Cathay Pacific collaborates with China’s State Power Investment Corp. to develop SAF supply chain
Cathay Pacific has teamed up with the State Power Investment Corp. to drive the further development of the sustainable aviation fuel (SAF) supply chain in China.
SPIC is one of the largest state-owned energy companies on the Chinese mainland and a company with the world’s largest solar power installed capacity.
SPIC and Cathay Pacific have recently signed a memorandum of understanding (MOU) covering four SAF plants under SPIC.
Witnessed by Qian Zhimin, the chairman of SPIC, and Chen Haibin, SPIC vice president, Ronald Lam, CEO of Cathay Pacific Group, and Alex McGowan, Cathay Pacific Group’s chief operations and service-delivery officer designate, the MOU was signed by Yin Guoping, chairman of SPIC International Finance (HK) Co. Ltd., and Andy Wong, Cathay Pacific’s general manager of corporate affairs, at Cathay Pacific’s Hong Kong headquarters.
“The signing of our cooperation pact is an important milestone in SPIC’s sustainable development pursuits, and a significant contribution by a Chinese enterprise towards supporting sustainable development in the global aviation sector,” Zhimin said. “We hope both parties can build on our collaboration in the certification and purchase of SAF to further cooperate in areas pertaining to the industry supply chain, project development and securing the necessary policy support.”

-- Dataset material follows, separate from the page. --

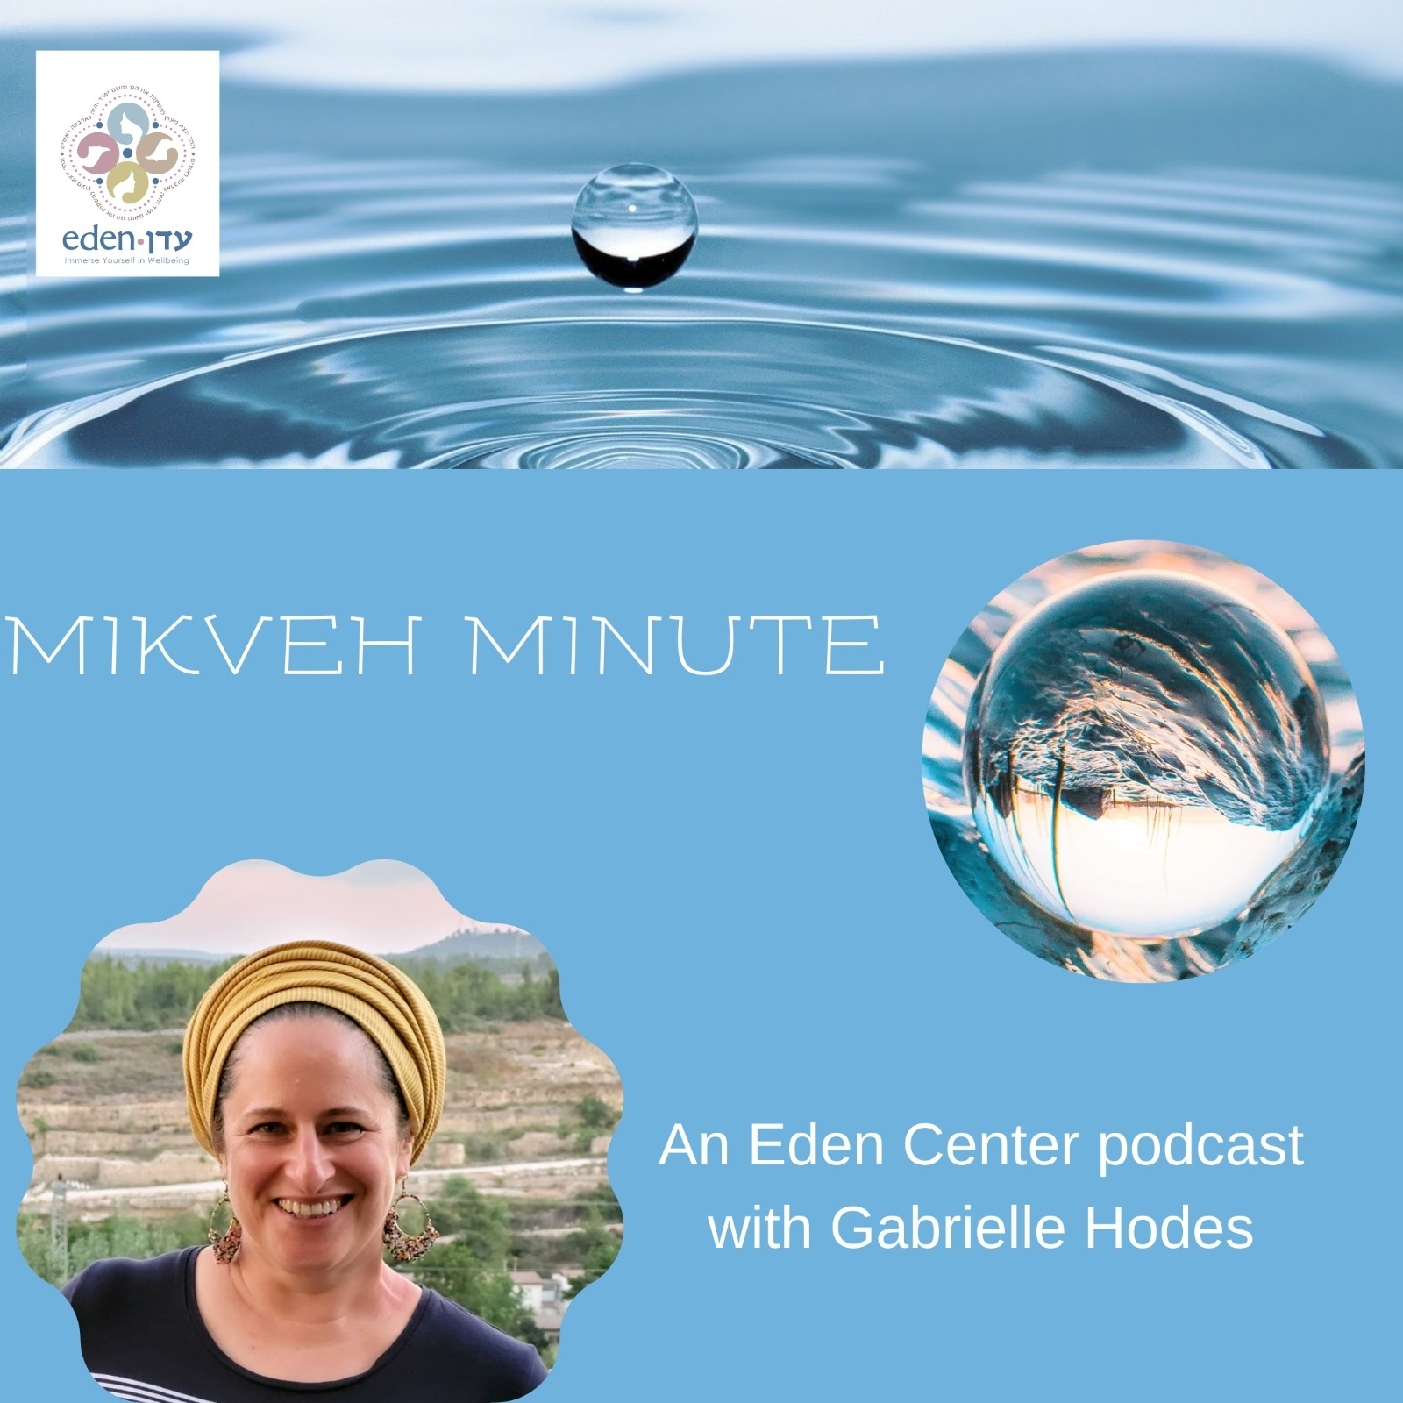 Vacationing Far From a Mikveh? We Got You Covered

Lam added, “We are very excited to be partnering with SPIC to support and accelerate the development of the SAF industry in China. Cathay Pacific has a target of using SAF for 10 percent of its total fuel consumption by 2030, which is a core component towards reaching our goal of net-zero carbon emissions by 2050. This collaboration brings together the complementary advantages of SPIC’s strengths in the field of clean energy with Cathay Pacific’s expertise as an end-user of SAF. We hope this partnership will play an important role in the decarbonization of the aviation industry. Under the MOU, Cathay Pacific will share international experience, and also feedback on the SAF-certification process, value chain and overall market know-how to facilitate SPIC in the successful establishment of four SAF plants on the Chinese mainland. Building and strengthening the SAF supply chain is an ambitious goal and one that requires extensive collaborative work with many stakeholders to achieve. We want to send a clear message that SAF is going to be the most important lever for achieving net-zero carbon emissions within the aviation industry, and that there will be clear and stable demand from airlines.”

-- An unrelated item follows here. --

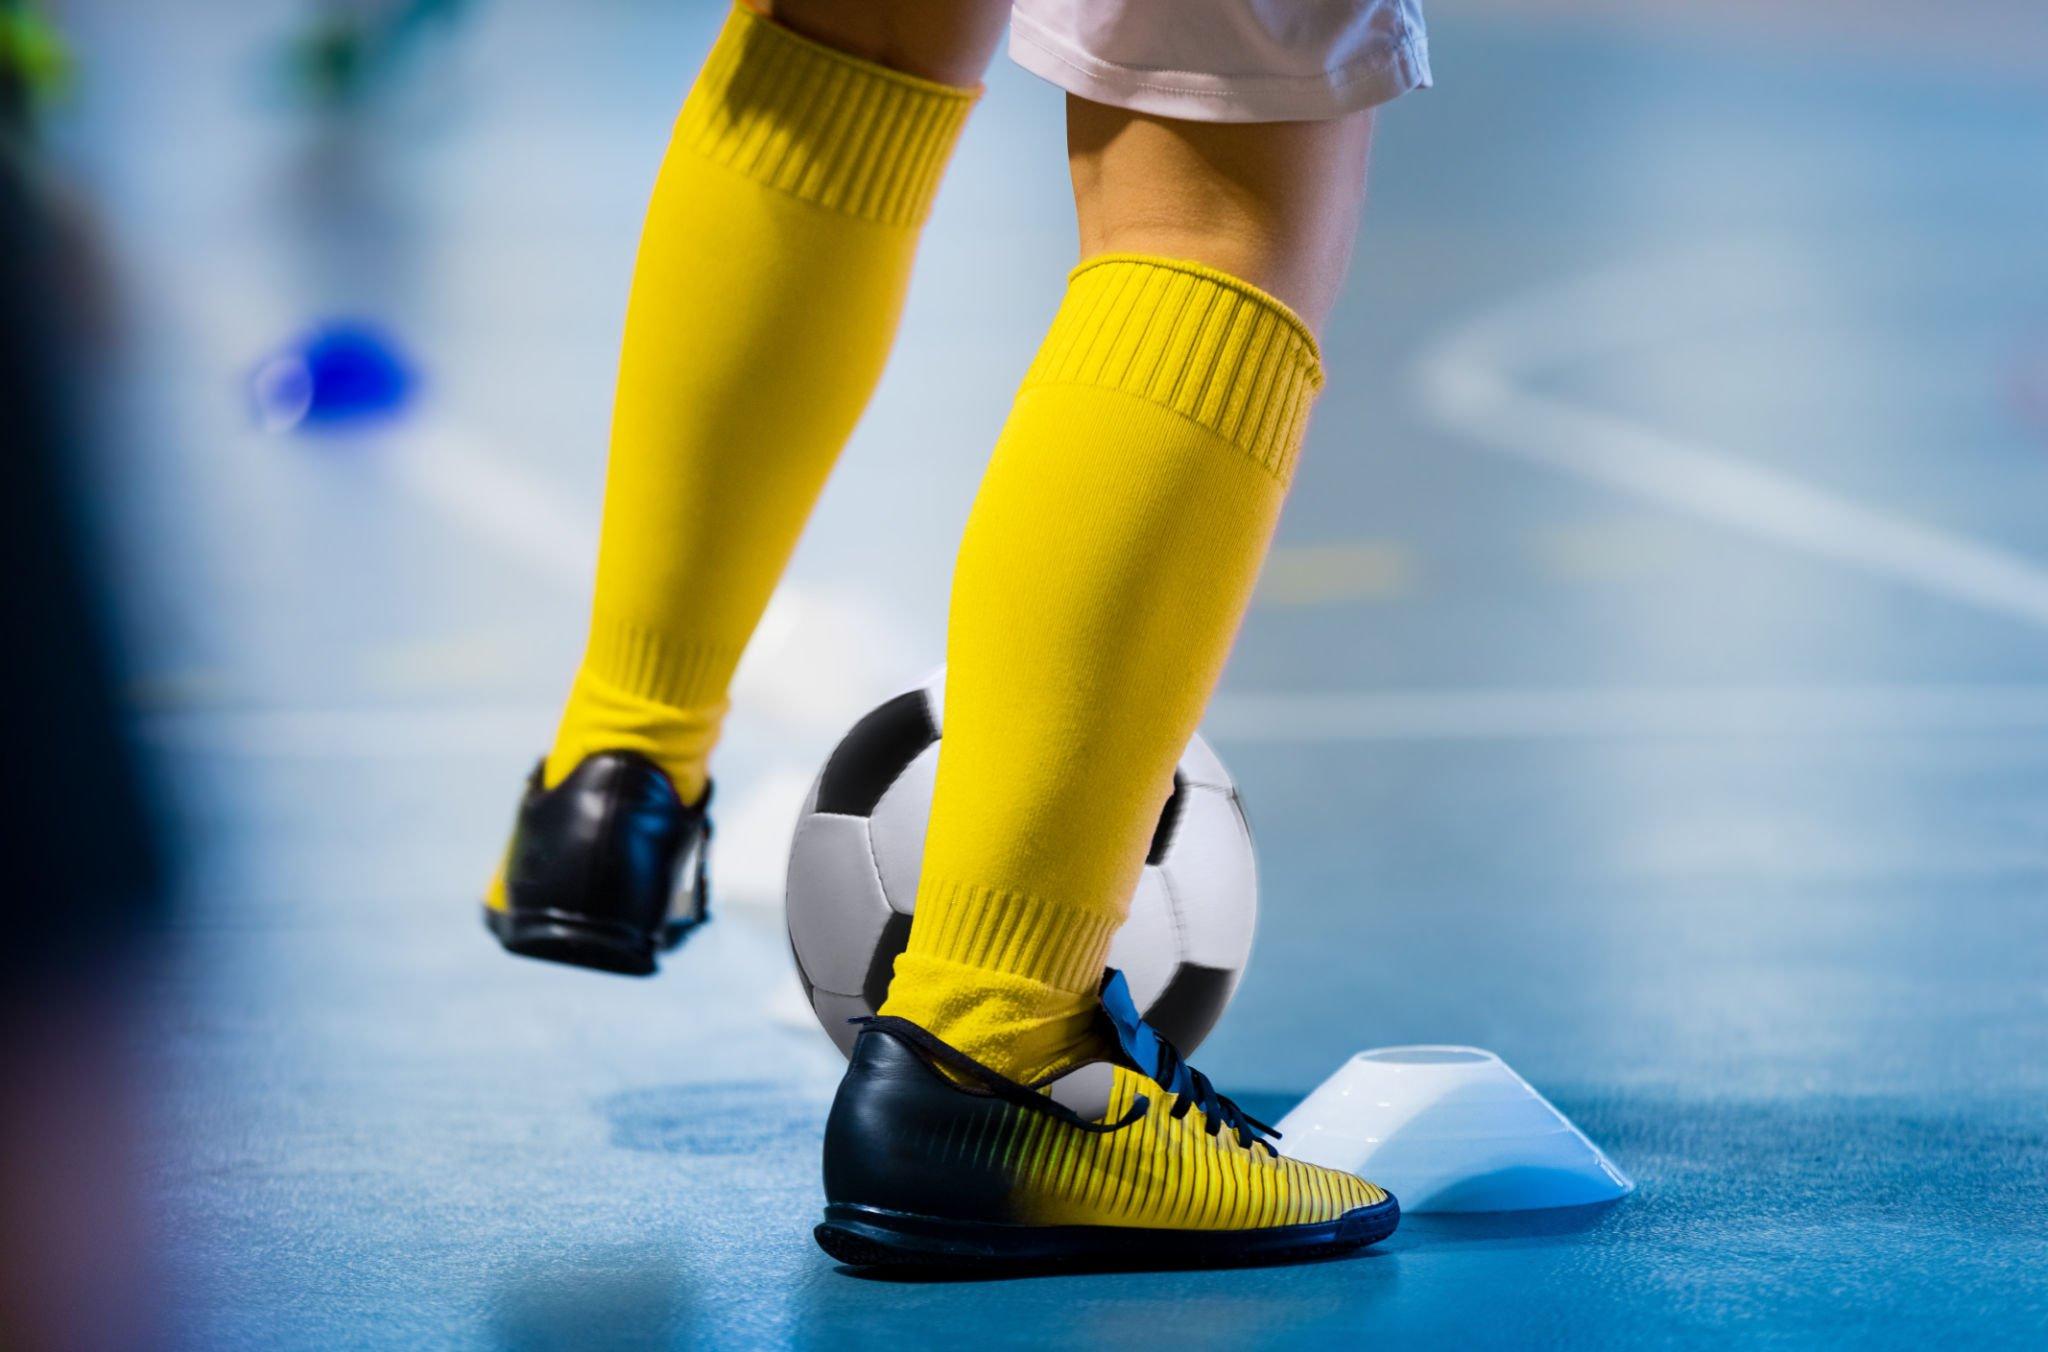 Are indoor soccer shoes good for lifting

The four SAF plants are expected to be commissioned between 2024 and 2026, and each will have the capacity to produce 50,000 to 100,000 metric tons (approximately 16.5 million gallons to 33 million gallons) of SAF annually.
The plants will use a pathway similar to Power-to-Liquids (PtL) to generate the SAF, converting renewable electricity into liquid fuels.
Cathay Pacific is committed to pioneering the aviation industry’s move towards more substantial use of SAF, especially in Asia.
In 2014, it was the first airline investor in Fulcrum BioEnergy, from which the airline has already committed to purchasing 1.1 million tons of SAF over 10 years, which covers around 2 percent of its pre-COVID-19 fuel requirements on an annual basis.
The airline also launched the Cathay Pacific Corporate SAF Programme—the first major program of its kind in Asia—in 2022. The program provides corporate customers the opportunity to reduce their carbon footprint from business travel or airfreight by contributing to the use of SAF, which was uplifted and used at Hong Kong International Airport for the first time as part of the program.
Cathay Pacific plans to scale up the program in 2023, extending the service to more corporate customers.